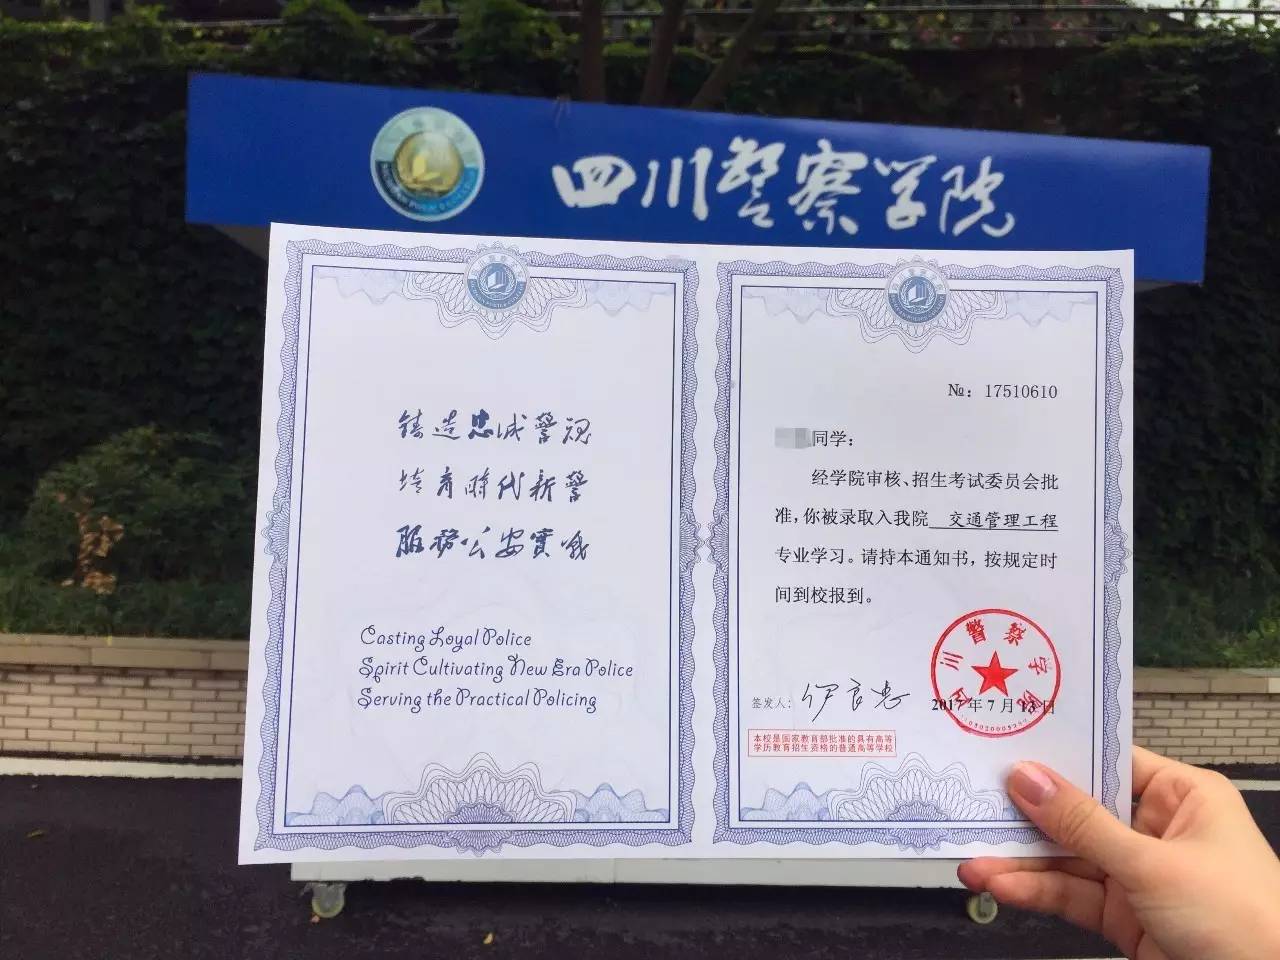 2、绵阳大学毕业证封面图：谁有空白材料大学毕业证？ ? ?要上色！ ！ ！ 
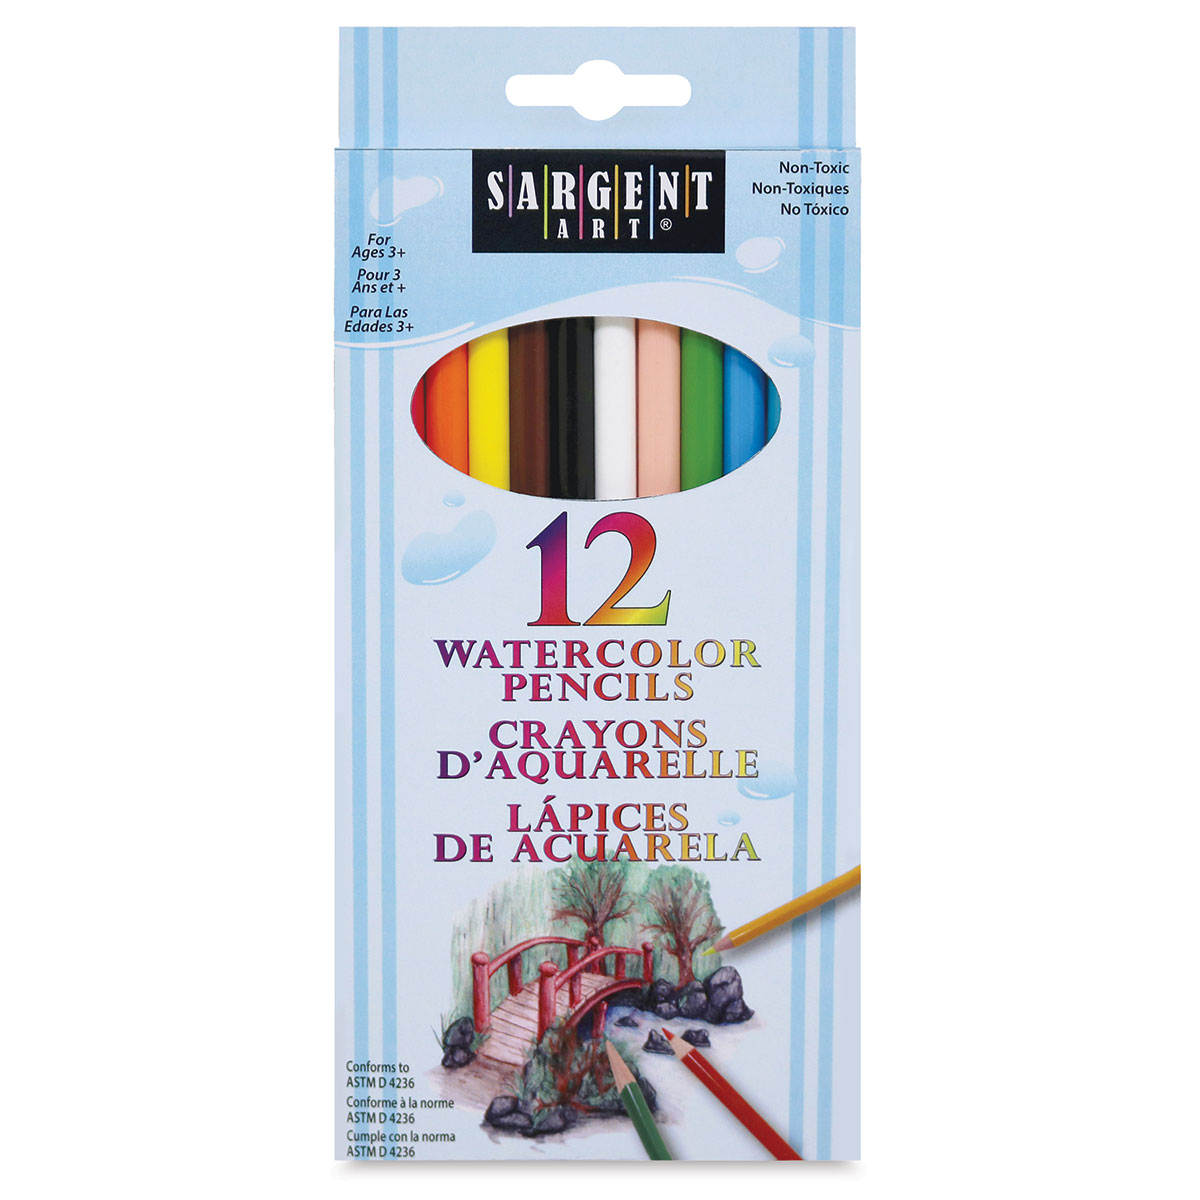 Sargent Art Watercolor Pencil Set - Assorted Colors, Set Of 12 | Blick Art Materials
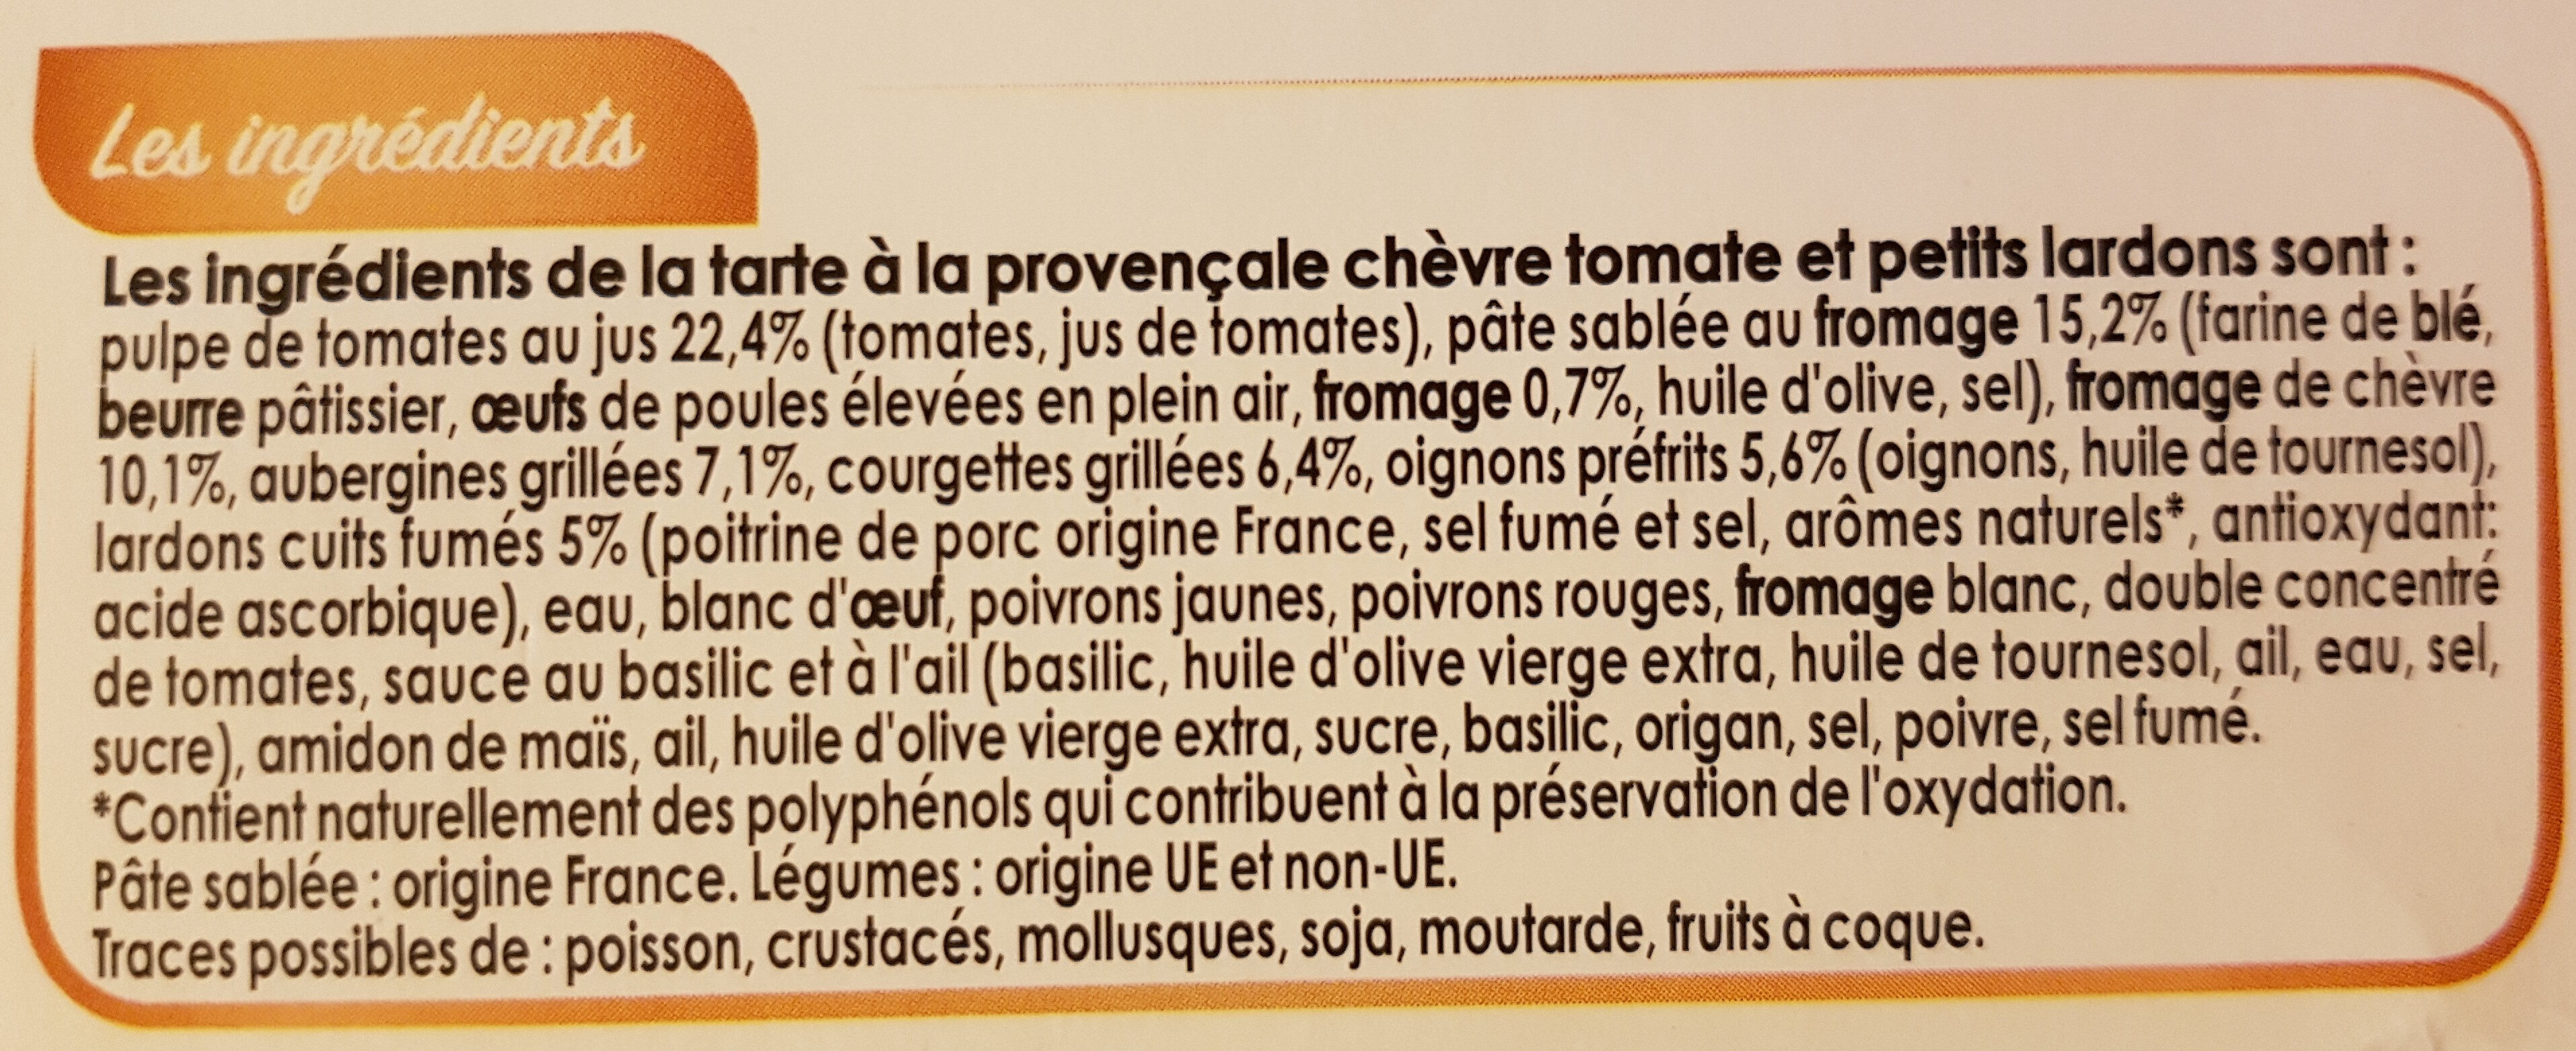 Tarte à la provençale chèvre tomate et petits lardons - Ingredientes - fr
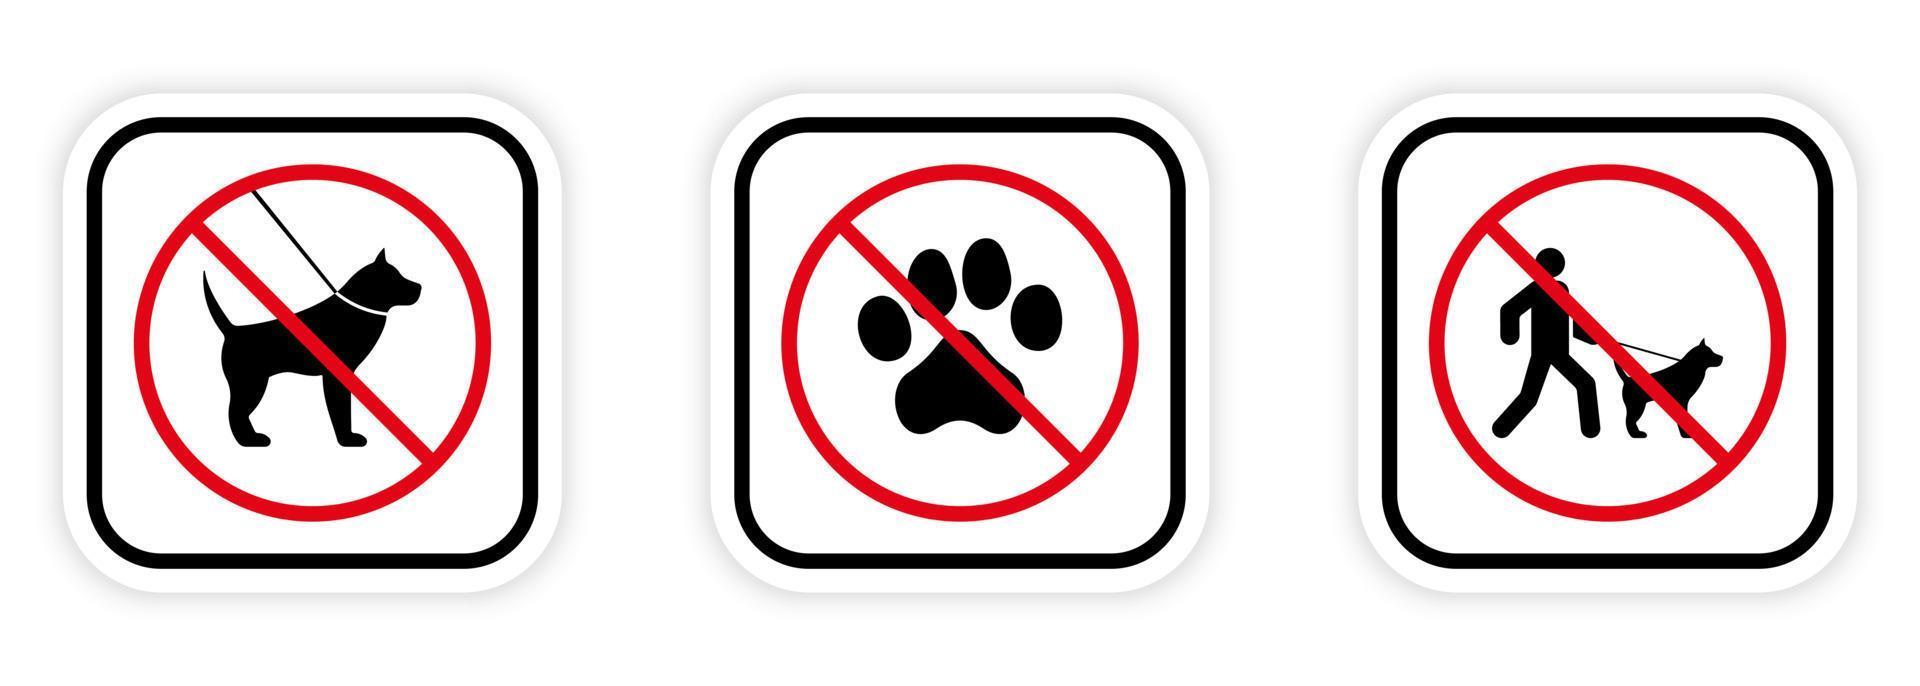 piktogram för förbjuden hundpromenad. man med hund i koppel röd stoppcirkelsymbol. tass fotavtryck förbud svart siluett ikon. inga tillåtna husdjur skylt. förbjuden promenadparkzon. isolerade vektor illustration.

--------------------------------------------------

Drop the pictures, then transcribe the lines from the one containing "Tarte à la provençale" to the end of the data above, exactly and nothing more.

 Tarte à la provençale chèvre tomate et petits lardons - Ingredientes - fr
 piktogram för förbjuden hundpromenad. man med hund i koppel röd stoppcirkelsymbol. tass fotavtryck förbud svart siluett ikon. inga tillåtna husdjur skylt. förbjuden promenadparkzon. isolerade vektor illustration.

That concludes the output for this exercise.